Ok ich werd mir die mal anschauen. Sind die eigentlich ähnlich funktional wie die Evil Eye, alles mögliche demontier- und austauschbar? Ich bin nämlich ein kleiner Rowdie bei dem Plastik oder filigrane Metallteile eher Verschleißteile sind.


----------



## freerider62 (22. März 2007)

Kein Thema, super robust und multifunktional. Wenn du weist, was du für eine möchtest, sag mir noch mal bescheid, damit ich dir mal eine Angebot machen kann, falls du Interesse hast!? Vergiss nicht deine Glasstärken mit anzugeben.


----------



## theobviousfaker (22. März 2007)

Alles klar werde ich machen. Allerdings verzögert sich die ganze Sache leider nun etwas. Prioritäten wurden verschoben  Aber ich werd an dich denken!


----------



## MTB-News.de




----------



## sehenswert (13. April 2007)

Hallo,

bezüglich der Suche nach einem geeignetem Sportoptiker empfehle ich einmal auf folgender Webseite nach zuschauen: http://sziols.de/vertrieb/index.htm

Die Sziolsprodukte sind wirklich super und die Kollegen die diese Brillen führen haben meistens auch eine gute Auswahl an andern Sportbrillen die geeignet sind.

Liebe Grüße
Yvonne Schäfer 

_____________________________________________________
Sehenswert
Zentrum für gutes Sehen
Niederwall 14
33602 Bielefeld


----------



## theobviousfaker (15. April 2007)

Hui sehr guter Tipp, danke dir  Die erste wirkliche Konkurrenz für die Evil Eye, die werd ich mir anschaun (zum Glück gibts nen Laden in der Nähe)


----------



## theobviousfaker (19. April 2007)

Zumindest die Sziols Fahrradbrille (Modular 2 Bike) ist lächerlich schlecht im Vergleich zu Evil Eye. Ein klappriger Plastikbomber - die Adidas ist zwar auch nur aus Plastik, aber man kann Plastik gut und schlecht verarbeiten... Außerdem vergleichsweise unbequem da das relativ kantige Plastik teilweise direkt auf der Haut sitzt. Auch der Blendschutz des Innenclips der direkt an der Stirn anliegt ist komplett aus Hartplastik. Die Evil Eye streichelt einem dagegen übers Gesicht. Nichtmal Gummi gegens verrutschen gibts an der Sziols. Nicht umsonst sagte mir die Optikerin, dass sie Sziols auslaufen lassen, sie sind nicht wirklich konkurrenzfähig bei dem Preis.

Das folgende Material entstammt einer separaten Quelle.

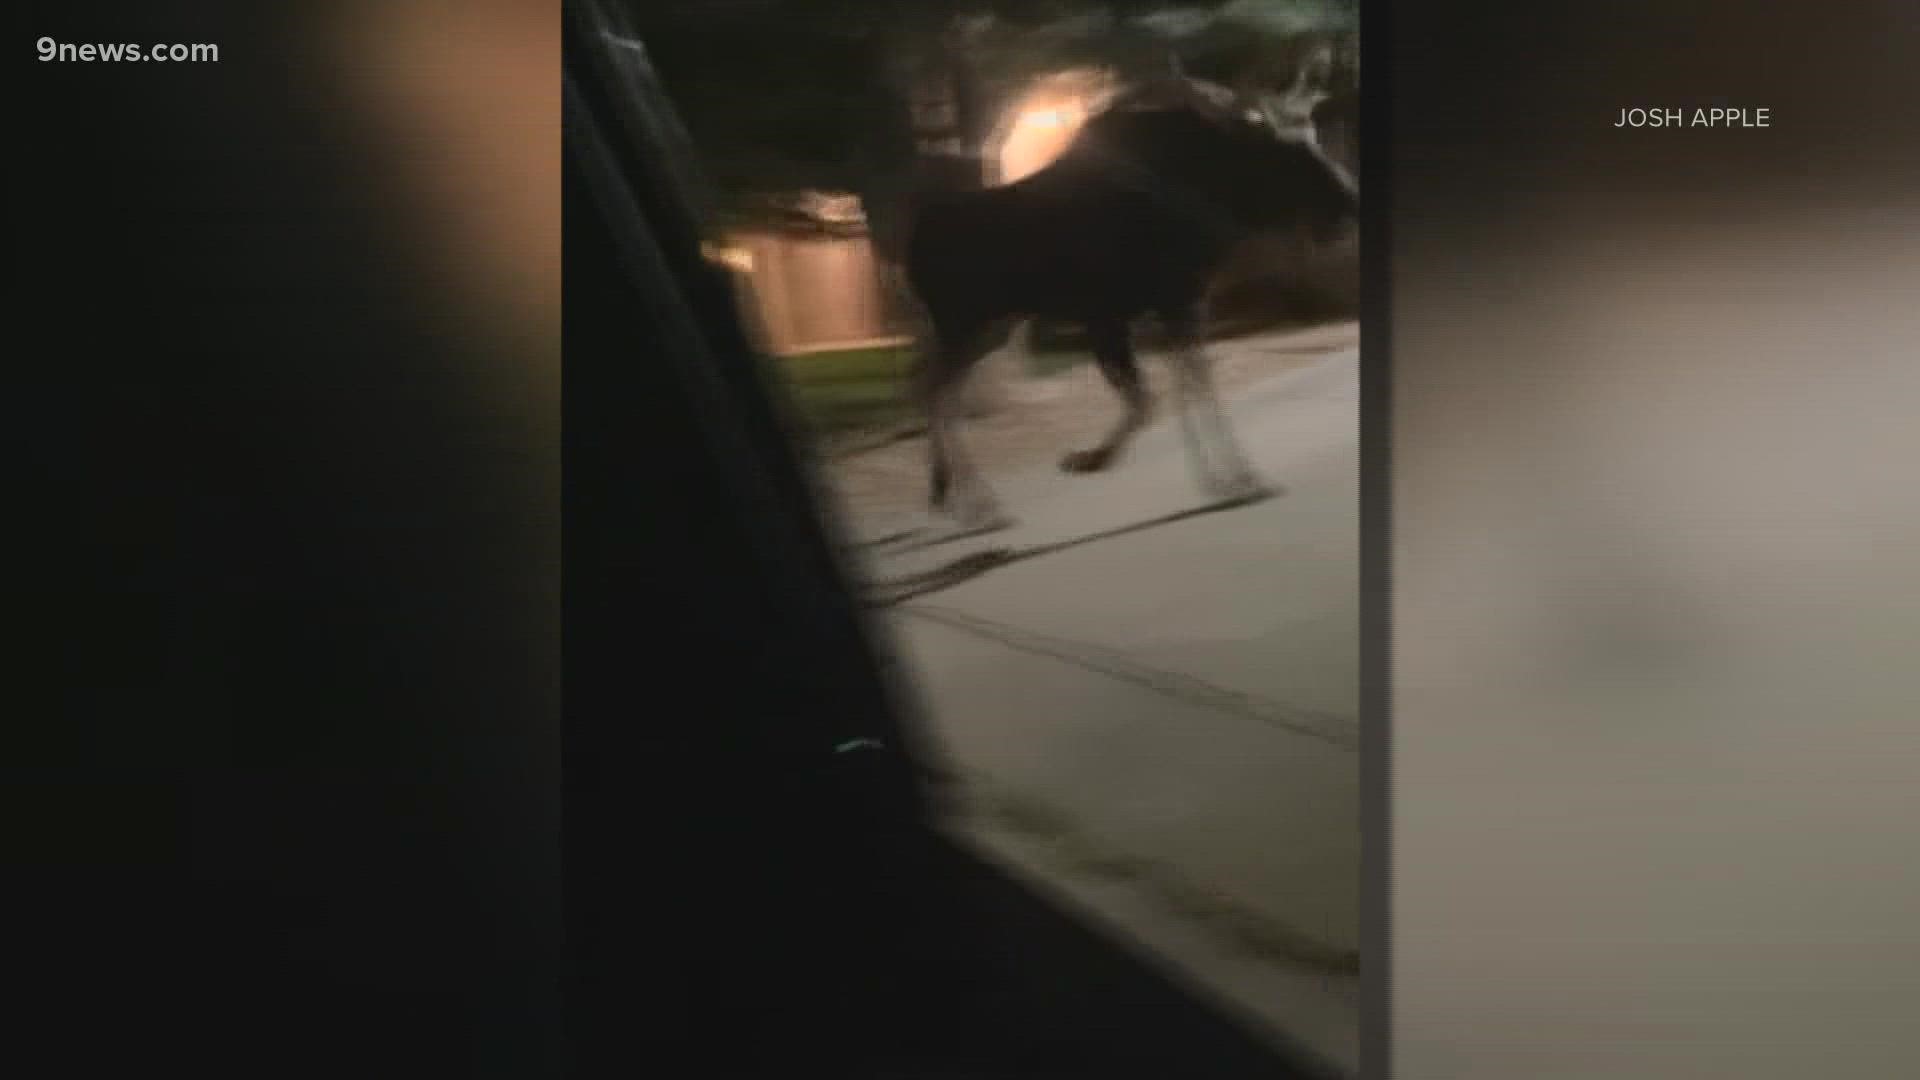 Van Bibber Park was closed Wednesday evening while Colorado Parks and Wildlife officials monitored the moose, which was also spotted in surrounding neighborhoods.

Also wirds wohl doch ne Evil Eye.


----------



## steveslug (8. Juni 2018)

Ich möchte das Thema nochmal aufwärmen. Ich suche einen guten Sport-Optiker im Hochtaunus und Main-Taunus Gebiet? Könnt ihr was empfehlen? Vielen Dank


----------



## blackbike__ (10. Juni 2018)

steveslug schrieb:


> Ich möchte das Thema nochmal aufwärmen. Ich suche einen guten Sport-Optiker im Hochtaunus und Main-Taunus Gebiet? Könnt ihr was empfehlen? Vielen Dank


Hab gute Erfahrung mit Optik Cho in Kronberg.


----------



## tomtomba (2. Juli 2018)

Geh mal zum Bernd Flick bei Optik Knauer in Bad Soden. 
Der ist selbst aktiver Sportler, Augenoptikermeister....und Brillenträger!
https://www.optik-knauer.de/

Grüße
Tom


----------



## steveslug (26. Juli 2018)

Bin bei Brillen Weiss am Römerberg in Frankfurt fündig geworden. Kann ich sehr empfehlen. Bei Frau Gärt.... bekommt man eine sehr kompetente Beratung für alles Arten von Sportbrillen.


----------